Лекция 31 О ПЕРВЫХ ПАЦИЕНТАХ

Когда вспоминаешь, что все мы сумасшедшие, странное в жизни исчезает, и всё становится понятным.

Марк Твен, писатель

Разумеется, помимо чтения полезной и нужной литературы мы никак не брезговали заниматься главной вещью. Практикой. Ведь как «отче наш» всё поголовье воспитанников помнило постоянный наказ преподавателей Акамедии: «Теория без практики мертва». Посему, не откладывая в долгий ящик, мы стремились туда, к делу (буква «д» в слове «дело» здесь принимать как промежуточный звук между «т» и «д». — Авт.). Не подумайте превратно. А хотя…
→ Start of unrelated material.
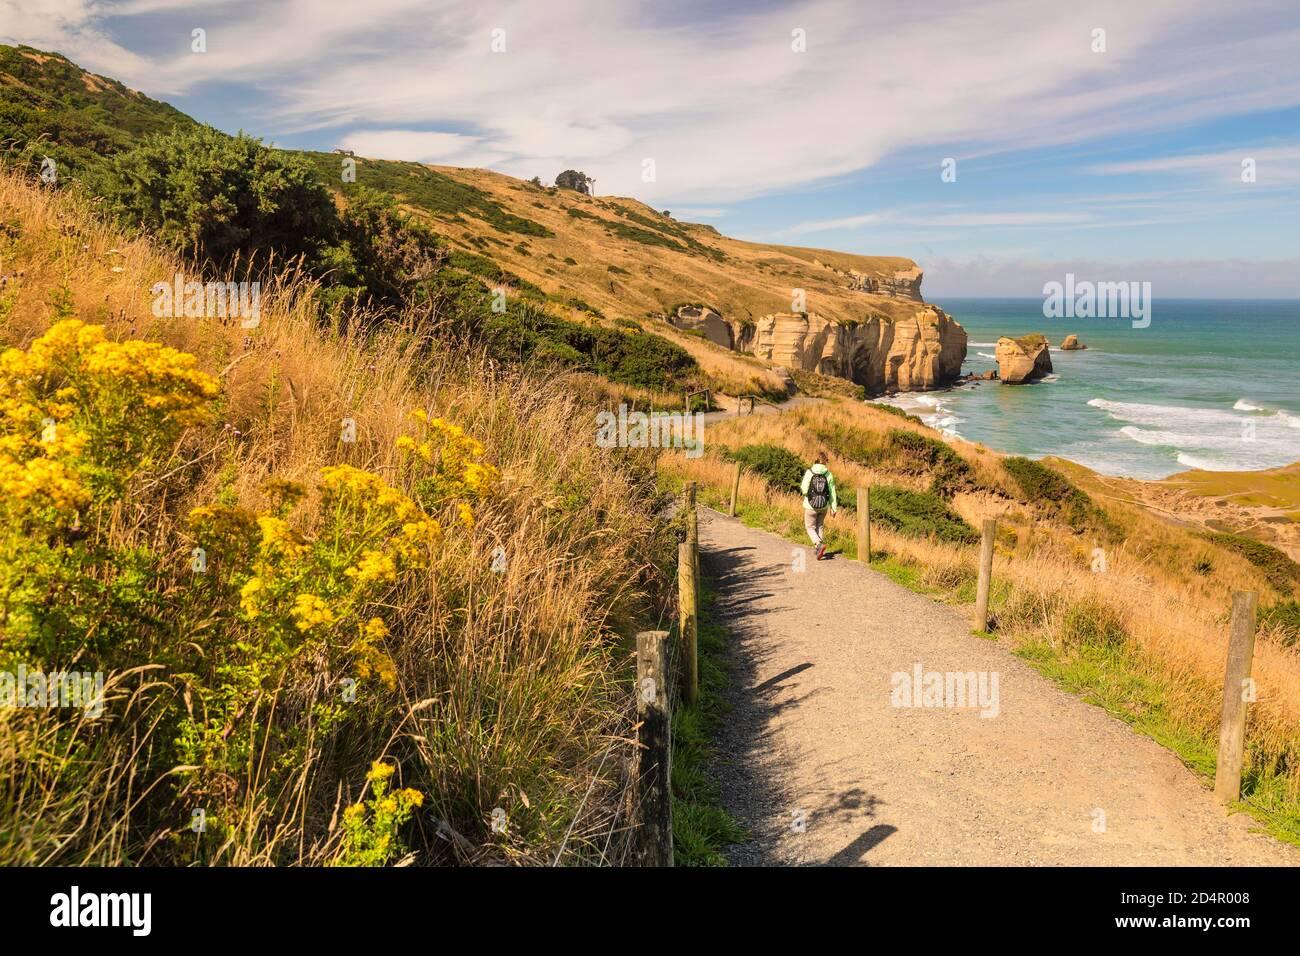 Wanderweg nach Tunnel Beach, Ozeanien, Dunedin, Otago, Südinsel, Neuseeland, Ozeanien Stockfoto

Дело стало на дежурстве. Клиника урологии, расположенная в сорок девятом городке, готовилась ко сну. Больные постанывали, санитарки похрапывали, а сёстры, выполнив вечерние назначения и раздав ужин, наслаждались вечерним маникюром. Наступало время, отведённое для культа ногтей. Ваня сидел в ординаторской и аккуратненько записывал амбулаторный журнал, периодически предаваясь мыслям о предстоящем отпуске. Ну, ещё о том, как он научную работу напишет — недаром крыски вместе с кроликами и морскими свинками подвергались истязаниям в течение почти трёх месяцев. И разумеется, об окончании учёбы и начале личной врачебной деятельности.

И тут в дверь кабинета приглушённо постучали:

— К нам посетители, — подала голос дежурная медсестра. — Мама с дочкой.

Ваня оторвался от раздумий и пошёл в коридор. В холле располагалась женщина с прекрасным существом лет тринадцати, которое опасливо косилось на стены клиники имени Мочеиспускательной Системы.

— Ну, что у нас тут? — заботливо спросил юный дежурант.

— Маша, дочка моя, прыгала, и вдруг у неё живот сильно заболел! Мы «скорую» вызвали, и нас к вам отвезли, — отчеканила мама, глядя на врача как на последний оплот в этом хрупком мире.

«Странно, что не в ЧЛХ или офтальмологию, — с негодованием подумал Ваня. — При чём здесь урология??? Да ещё и взрослая».

Иван ещё не знал, что детских койко-мест в СПБ катастрофически не хватает.

— Давайте в смотровую пройдем, что ли… — предложил всё-таки он.

В смотровой комнате, изолировав маму, Ваня стал расспрашивать Машу и в ходе расспроса всё больше запутывался. Во-первых, где именно болит, так и не удалось толком выяснить; подобного раньше у неё вроде не отмечалось. Во-вторых, где прыгала, зачем прыгала и как — тоже осталось глубокой тайной за семью печатями. Маша лишь смущённо улыбалась, косила глаза, и Ваня от неё ничего в итоге и не добился. Мелькнувшая мысль о наличии гинекологических причин отвергалась автоматически ввиду неполучения ответов на более скромные (для рядового человека) вопросы.

«Ладно, хоть живот пропальпирую», — принял волевое решение наш дежурный, вспомнив, что лучше один раз посмотреть, чем сто раз услышать. Его пальчики заскользили по передней брюшной стенке пациентки. Тоже ничего — вроде не напряжён, не вздут, а вроде и…

И тут Ивана настигло внезапное клиническое озарение:

— Маш, а ты после этого оправляться ходила?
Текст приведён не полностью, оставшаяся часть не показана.